Sequenciamento convencional, desenvolvido na década de 1970, envolve separar, copiando, rotulando e remontando pedaços de DNA para ler a informação genética. Os métodos mais novos incluem o sequenciamento automatizado de muitos fragmentos de DNA de uma só vez - ainda caro - e novos conceitos de "sequenciamento de nanoporos". Por exemplo, o mesmo grupo do NIST recentemente demonstrou a ideia de sequenciar DNA passando-o por um nanoporo de grafeno, e medir como as propriedades eletrônicas do grafeno respondem à tensão.
A última proposta do NIST se baseia em uma fina película de dissulfeto de molibdênio - um estável, material em camadas que conduz eletricidade e costuma ser usado como lubrificante. Entre outras vantagens, este material não adere ao DNA, o que pode ser um problema com o grafeno. A equipe do NIST sugere que o método pode até funcionar sem um nanoporo - um design mais simples - ao passar o DNA pela borda da membrana.
"Esta abordagem potencialmente resolve o problema com o DNA grudado no grafeno se inserido incorretamente, porque esta abordagem não usa grafeno, período, "O teórico do NIST e autor principal Alex Smolyanitsky disse." Outra grande diferença é que, em vez de confiar nas propriedades do grafeno ou de qualquer material particular usado, lemos os movimentos eletricamente de uma maneira mais fácil, formando um capacitor. Isso torna qualquer membrana condutora de eletricidade adequada para a aplicação. "
Boris Yakobson, especialista em nanomateriais, da Rice University, um co-autor no artigo, sugeriu a ideia do capacitor. O suporte computacional foi fornecido pela Universidade de Groningen, na Holanda.
O DNA tem quatro bases. Para as simulações, citosina (C), que naturalmente se emparelha com guanina (G), está ligado ao interior do poro. Quando um pedaço de DNA passa pelo poro, qualquer G na fita temporariamente se anexa ao C incorporado, puxando a nanofita e sinalizando o eletrodo. A sequência de DNA é determinada medindo como e quando blips elétricos variam ao longo do tempo. Para detectar todas as quatro bases, quatro nanofitas, cada um com uma base diferente ligada ao poro, pode ser empilhado verticalmente para criar um sensor de DNA integrado.
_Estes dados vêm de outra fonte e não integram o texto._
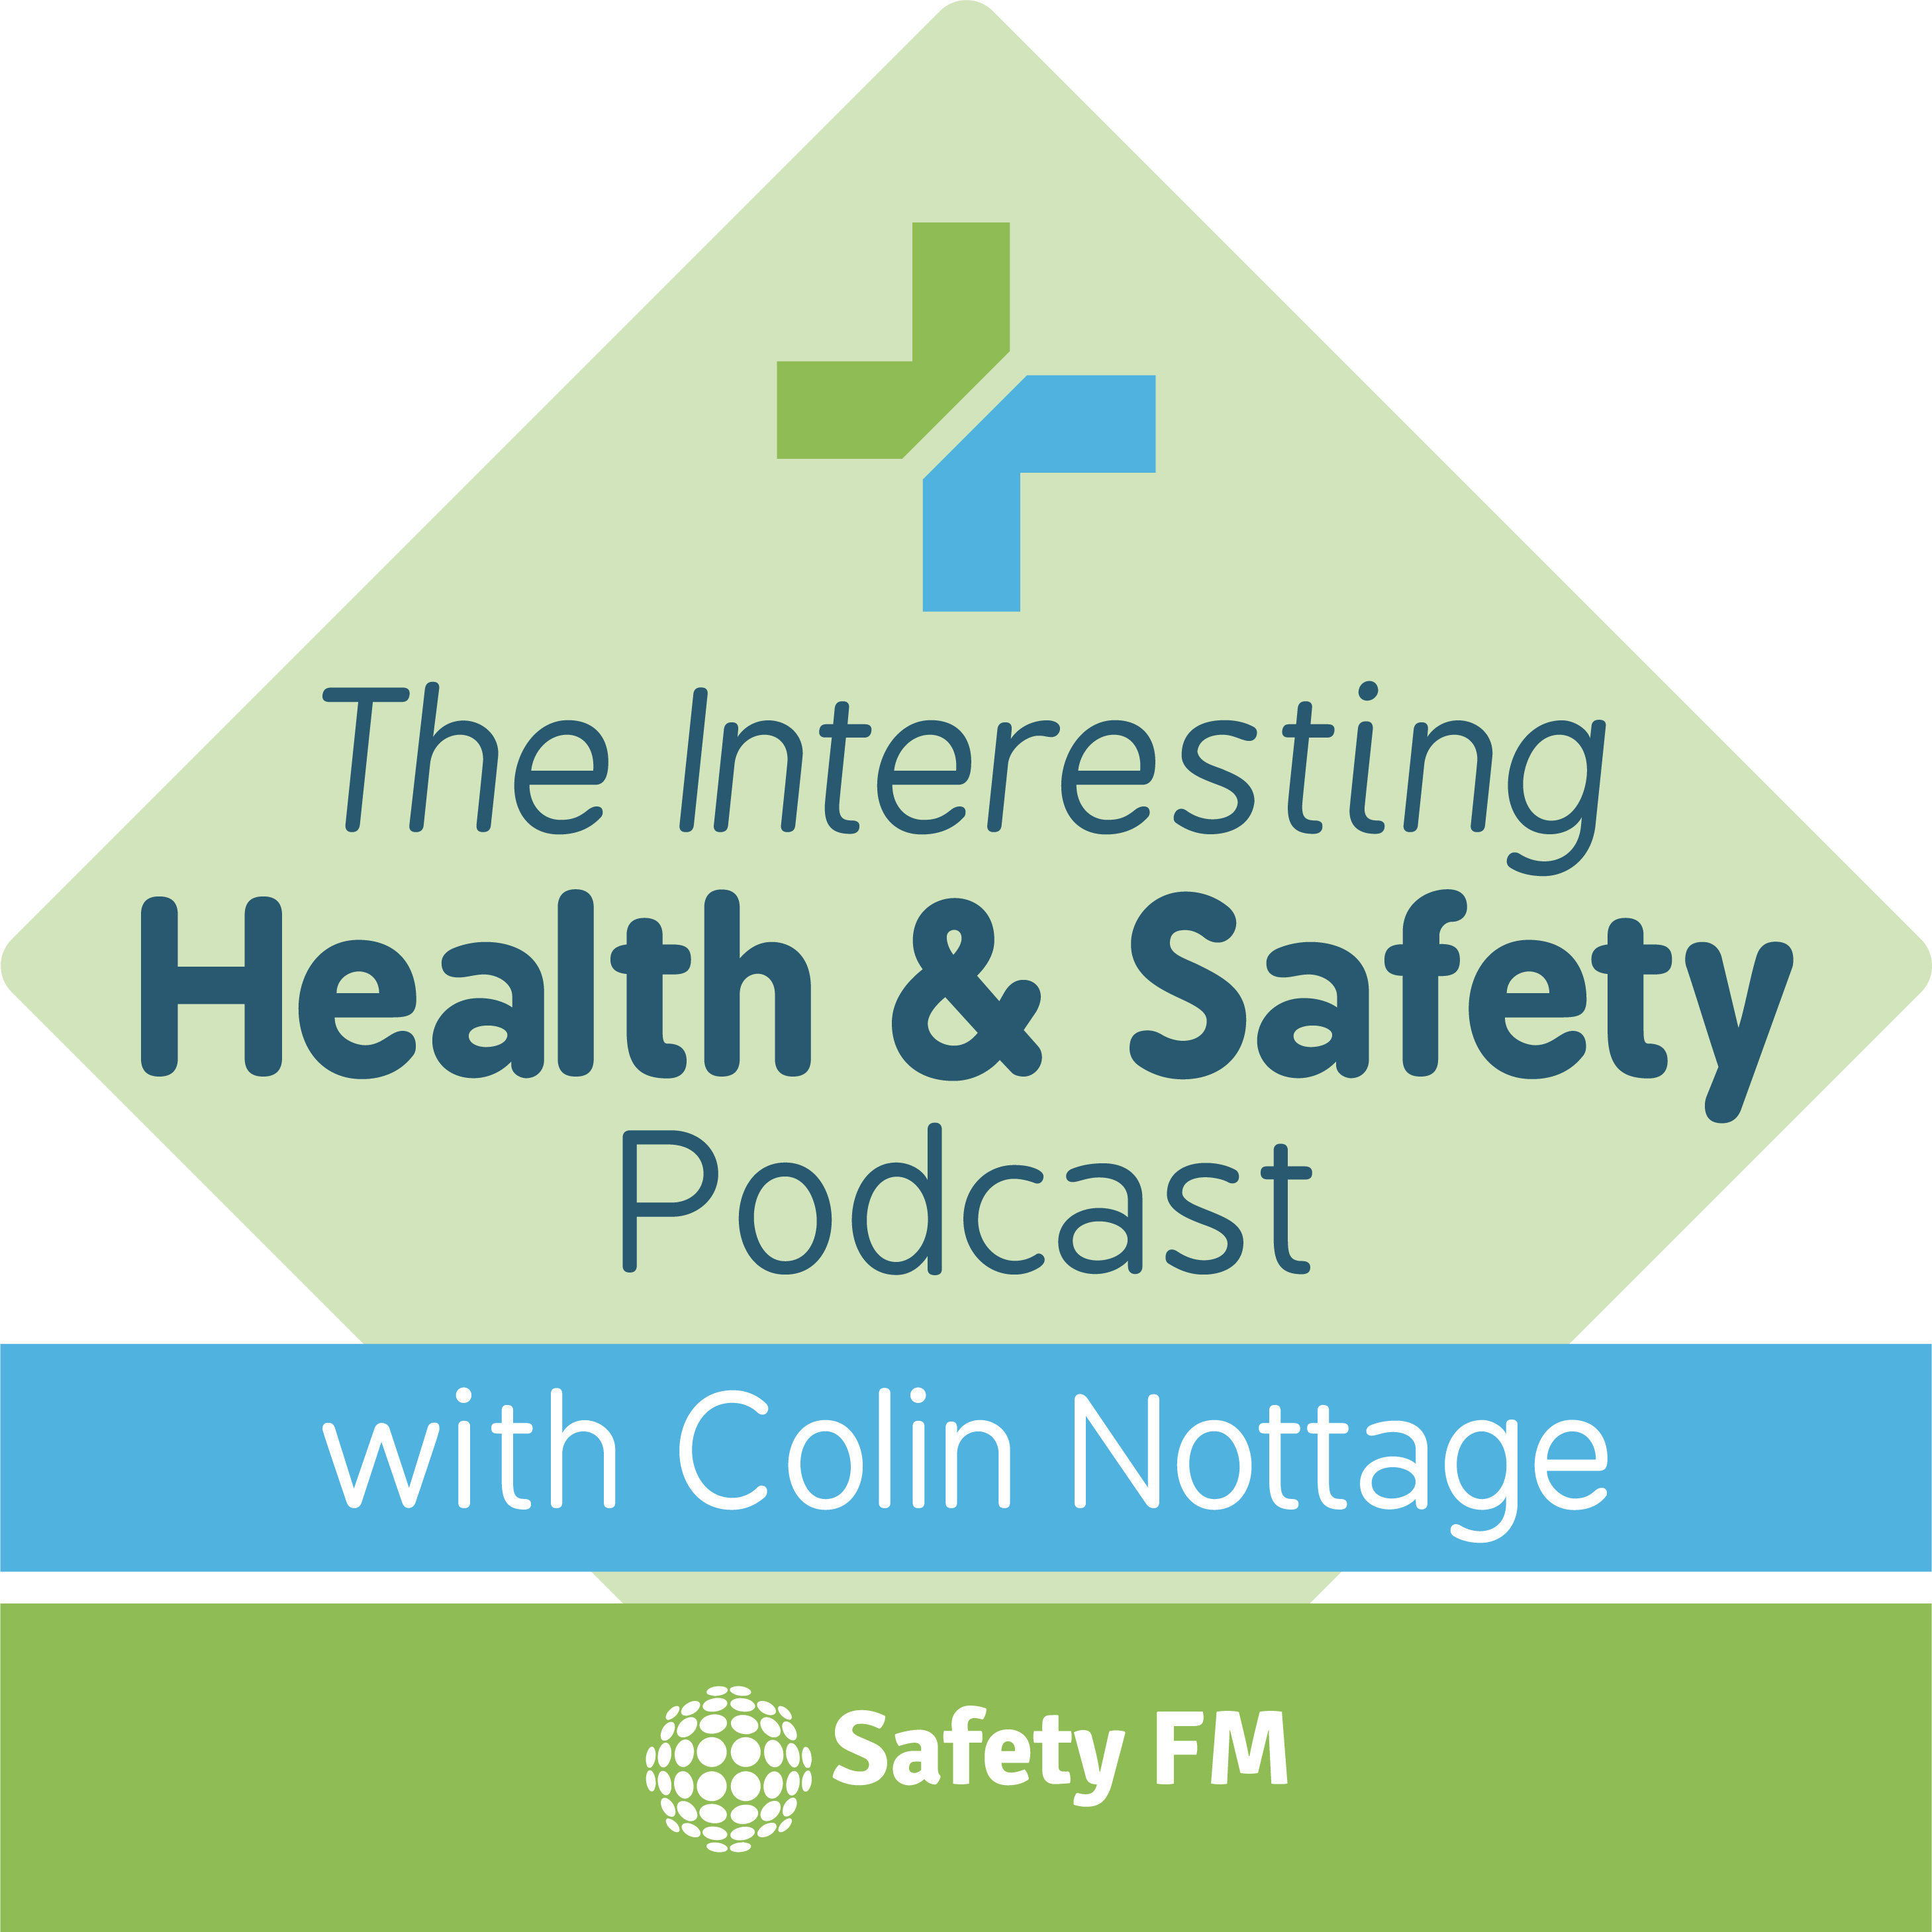 The Impact Of COVID Upon Safety - Part 2 - with Stuart Hughes and David Gold
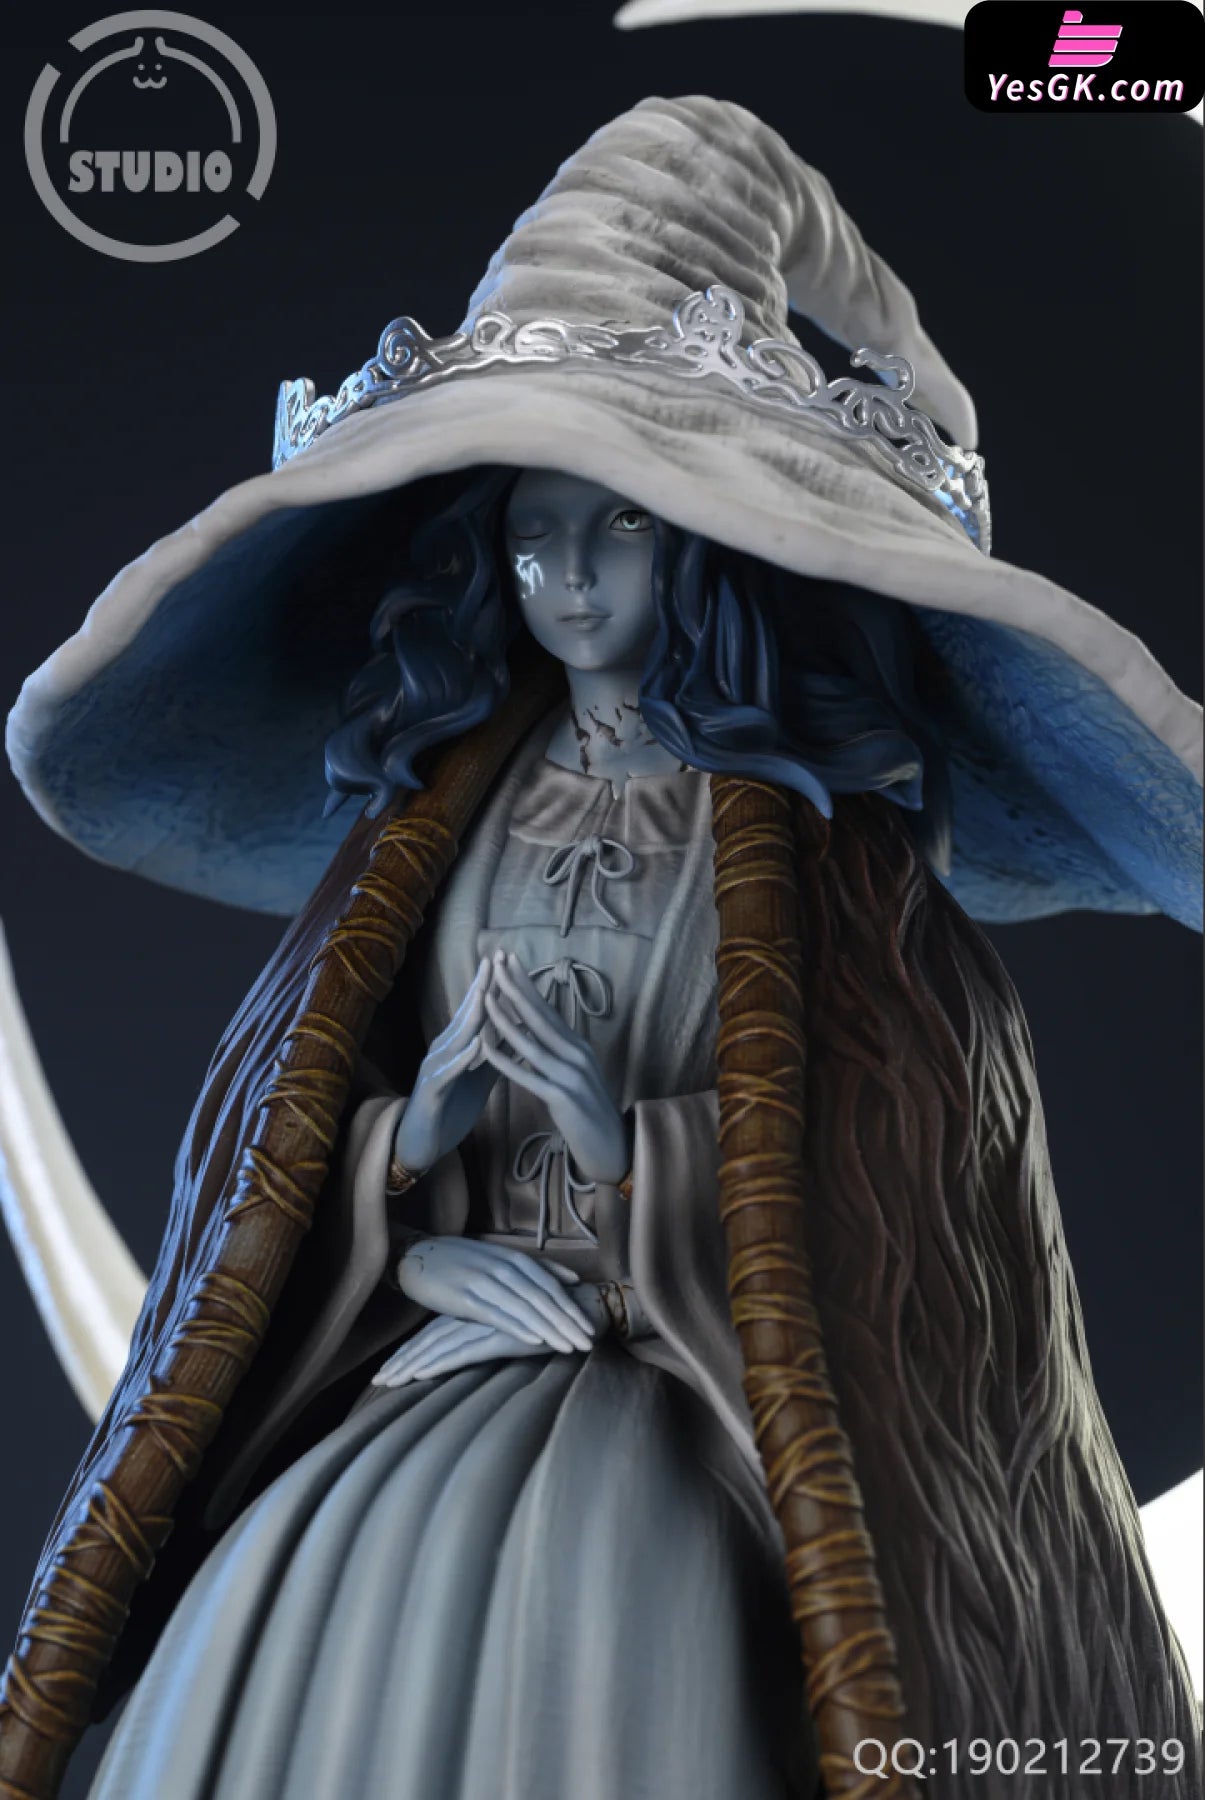 Lunar Princess Ranni Elden Ring Resin Statue by ShowHand Studios - Unboxing

A fita de dissulfeto de molibdênio é flexível o suficiente para se deformar de forma mensurável em resposta às forças necessárias para quebrar um par de DNA, mas rígido o suficiente para ter menos continuidade, movimento sem sentido do que o grafeno, reduzindo potencialmente o ruído indesejado nos sinais de sequenciamento. A deflexão da fita é extremamente pequena, na ordem de um angstrom, o tamanho de um átomo de hidrogênio. Sua força de tração é da ordem de 50 piconewtons, ou trilionésimos de newton, o suficiente para quebrar as delicadas ligações químicas entre as bases do DNA.
Os pesquisadores estimaram como o dispositivo funcionaria em um circuito integrado e descobriram que as correntes de pico através do capacitor eram mensuráveis (50 a 70 picoamperes), mesmo para as pequenas nanofitas estudadas. Espera-se que os picos atuais sejam ainda maiores em sistemas físicos. O tamanho do dispositivo pode ser ajustado para tornar ainda mais fácil medir os sinais de sequenciamento.
Os autores do NIST esperam construir uma versão física do dispositivo no futuro. Para aplicações práticas, a tecnologia microfluídica de sequenciamento de DNA do tamanho de um chip pode ser combinada com a eletrônica em um único dispositivo pequeno o suficiente para ser portátil.